Gitea Or Forgejo Actions

name: aiops-ci

on:
  pull_request:
  push:
    branches:
      - main

jobs:
  test:
    runs-on: ubuntu-latest
    container:
      image: bsmeding/aiops_cicd_ubuntu:latest
    steps:
      - uses: actions/checkout@v4
      - run: ruff check .
      - run: pytest tests/contracts tests/prompts -vv

Jenkins Pipeline

pipeline {
  agent {
    docker {
      image 'bsmeding/aiops_cicd_ubuntu:latest'
    }
  }

  environment {
    OPENAI_API_KEY = credentials('openai-api-key')
  }

  stages {
    stage('Lint') {
      steps {
        sh 'ruff check .'
        sh 'mypy src tests'
      }
    }

    stage('Prompt Tests') {
      steps {
        sh 'pytest tests/prompts -vv'
      }
    }

    stage('Agent Tests') {
      steps {
        sh 'pytest tests/agents -vv'
      }
    }

    stage('RAG Evaluation') {
      steps {
        sh 'python eval/run_ragas.py --dataset eval/datasets/runbooks.jsonl'
      }
    }
  }
}

Local Reproduction

docker run --rm -it \
  -v "$PWD:/work" \
  -w /work \
  -e OPENAI_API_KEY \
  -e ANTHROPIC_API_KEY \
  bsmeding/aiops_cicd_ubuntu:latest \
  bash

Inside the container:

ruff check .
pytest tests/contracts -vv
pytest tests/prompts -vv
python eval/run_ragas.py --dataset eval/datasets/runbooks.jsonl

Testing Without Real LLM Calls

Not every pull request should call paid APIs.

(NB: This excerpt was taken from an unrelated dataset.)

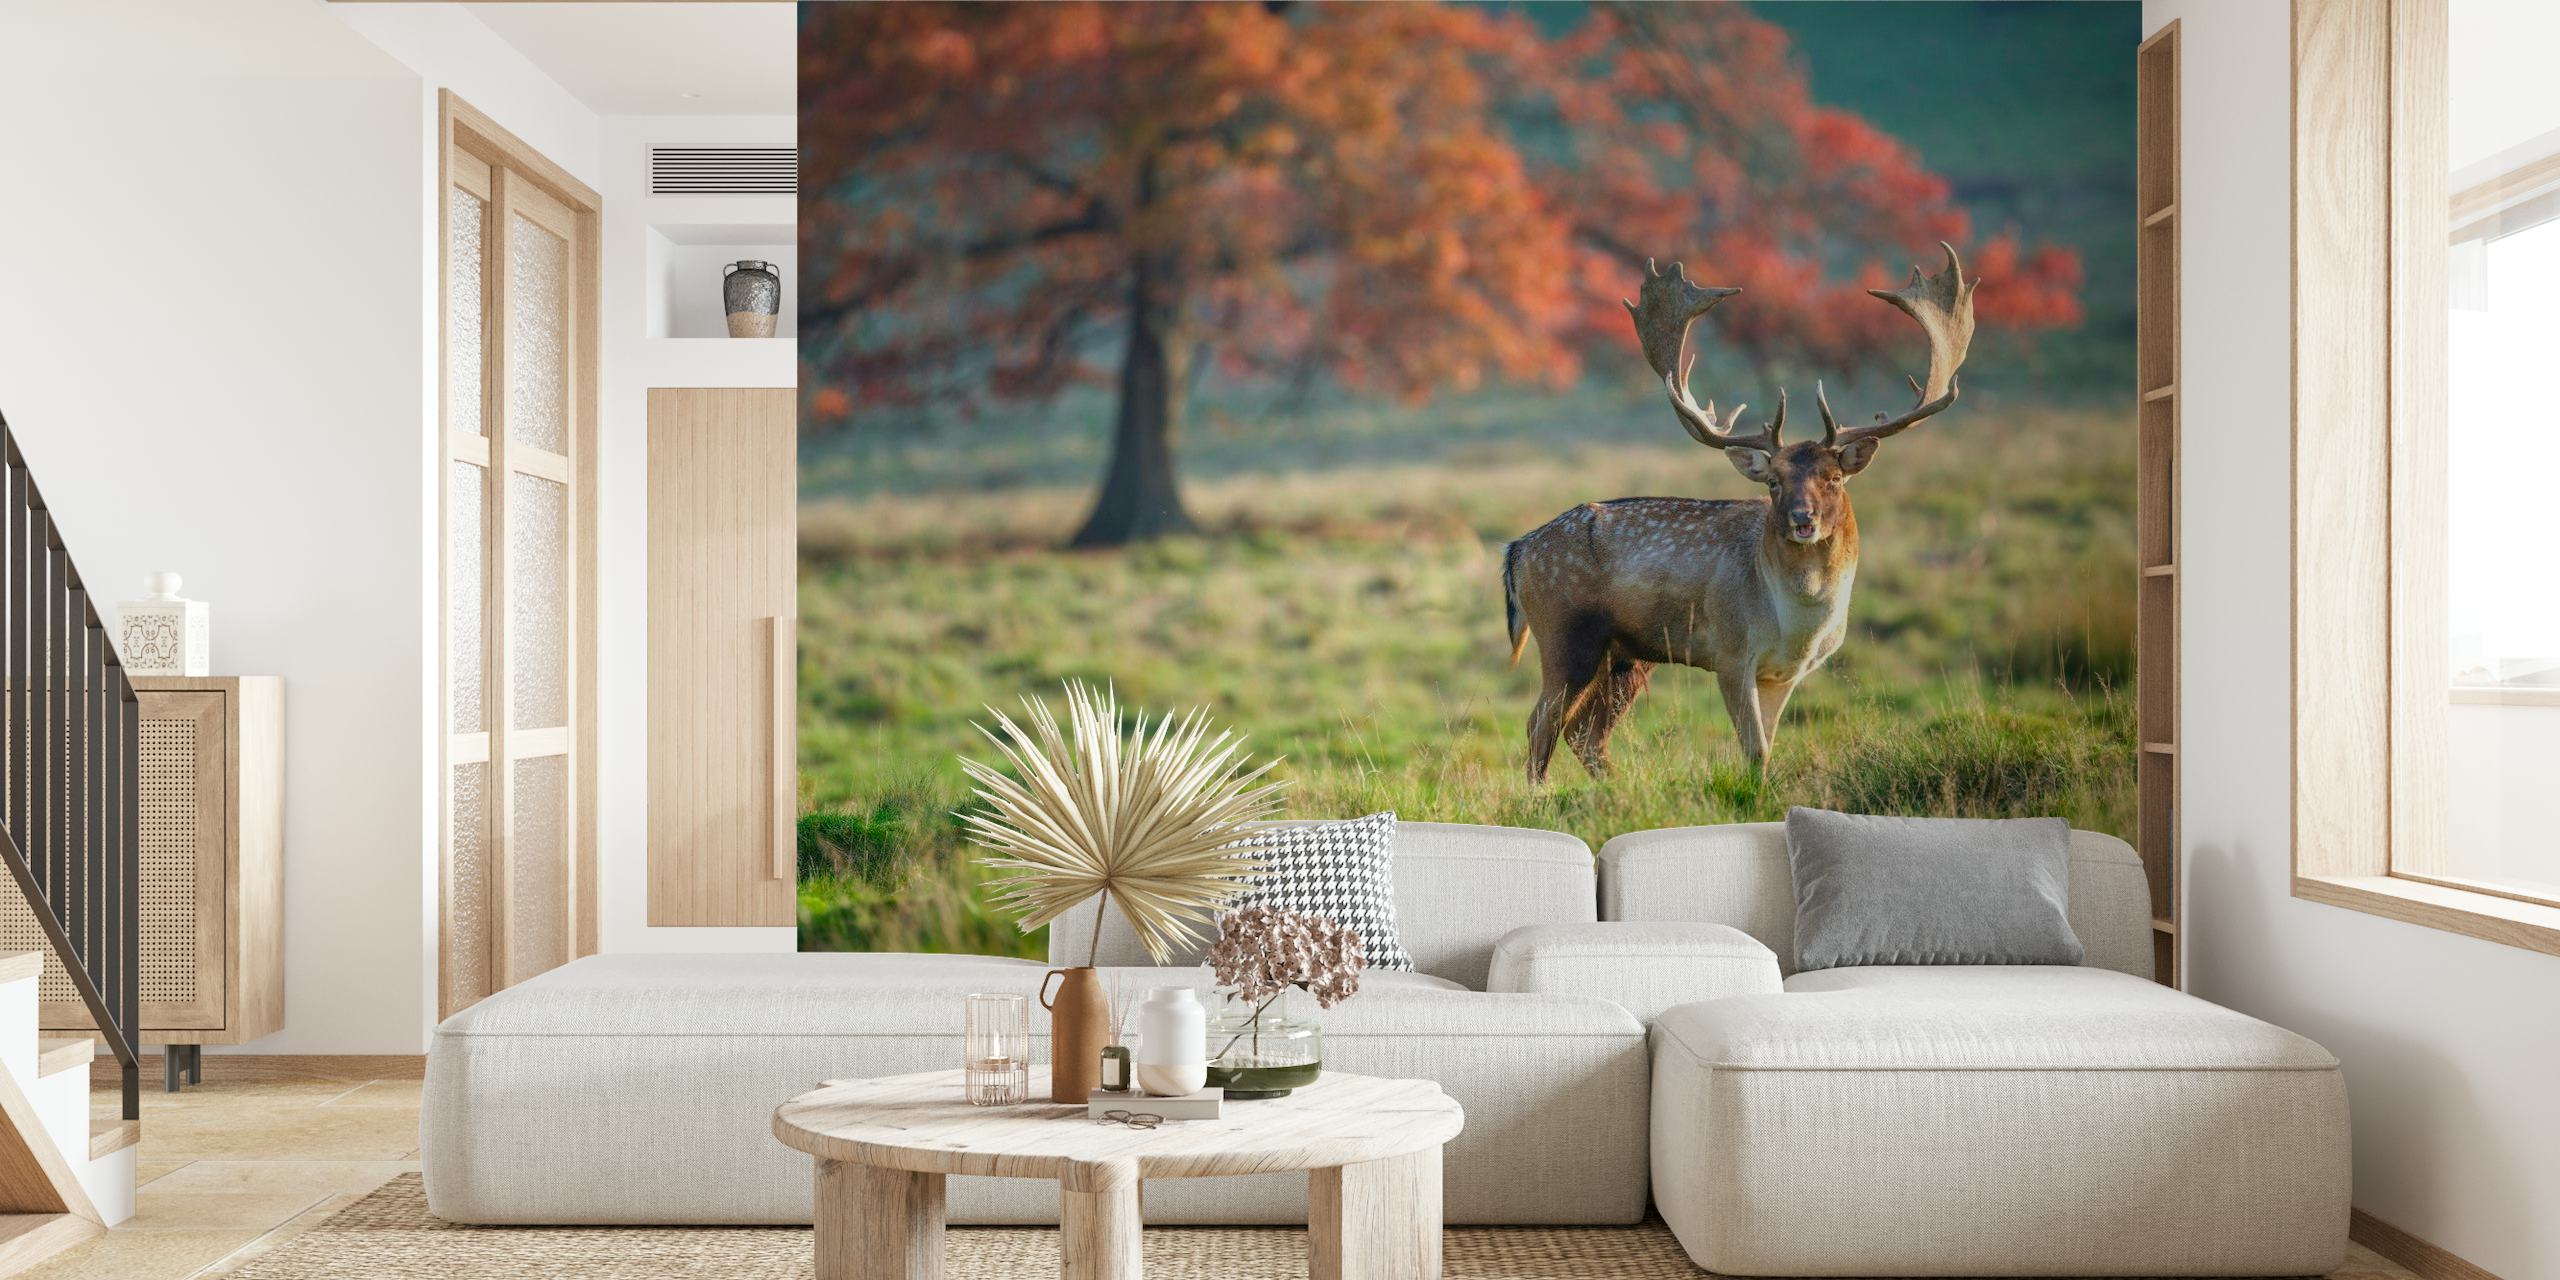 Wandbild eines majestätischen Hirsches, der auf einer farbenprächtigen Herbstwiese mit Bäumen im Hintergrund steht

Split fast deterministic tests from provider smoke tests:

jobs:
  deterministic:
    runs-on: ubuntu-latest
    container:
      image: bsmeding/aiops_cicd_ubuntu:latest
    steps:
      - uses: actions/checkout@v5
      - run: pytest tests/contracts tests/replay -vv

  provider-smoke:
    if: github.event_name == 'workflow_dispatch'
    runs-on: ubuntu-latest
    container:
      image: bsmeding/aiops_cicd_ubuntu:latest
    env:
      OPENAI_API_KEY: ${{ secrets.OPENAI_API_KEY }}
    steps:
      - uses: actions/checkout@v5
      - run: pytest tests/provider_smoke -vv

Practical Tips

  • Keep most tests deterministic and run real provider calls only on schedule or manual dispatch.
  • Validate structured output with Pydantic or JSON Schema before trusting it.
  • Store prompt and replay datasets in version control.
  • Save evaluation results as CI artifacts.
  • Use sanitized operational data in replay tests.
  • Add cost limits and timeouts around external model calls.
  • Separate "model behavior changed" from "code regression" in test names and reports.

Summary

The aiops_cicd images provide a repeatable CI base for testing AI-assisted operations code. They are useful for prompt contracts, agent tool calls, RAG quality checks, replay datasets, and operational API integrations where normal Python images do not include enough evaluation and LLM tooling.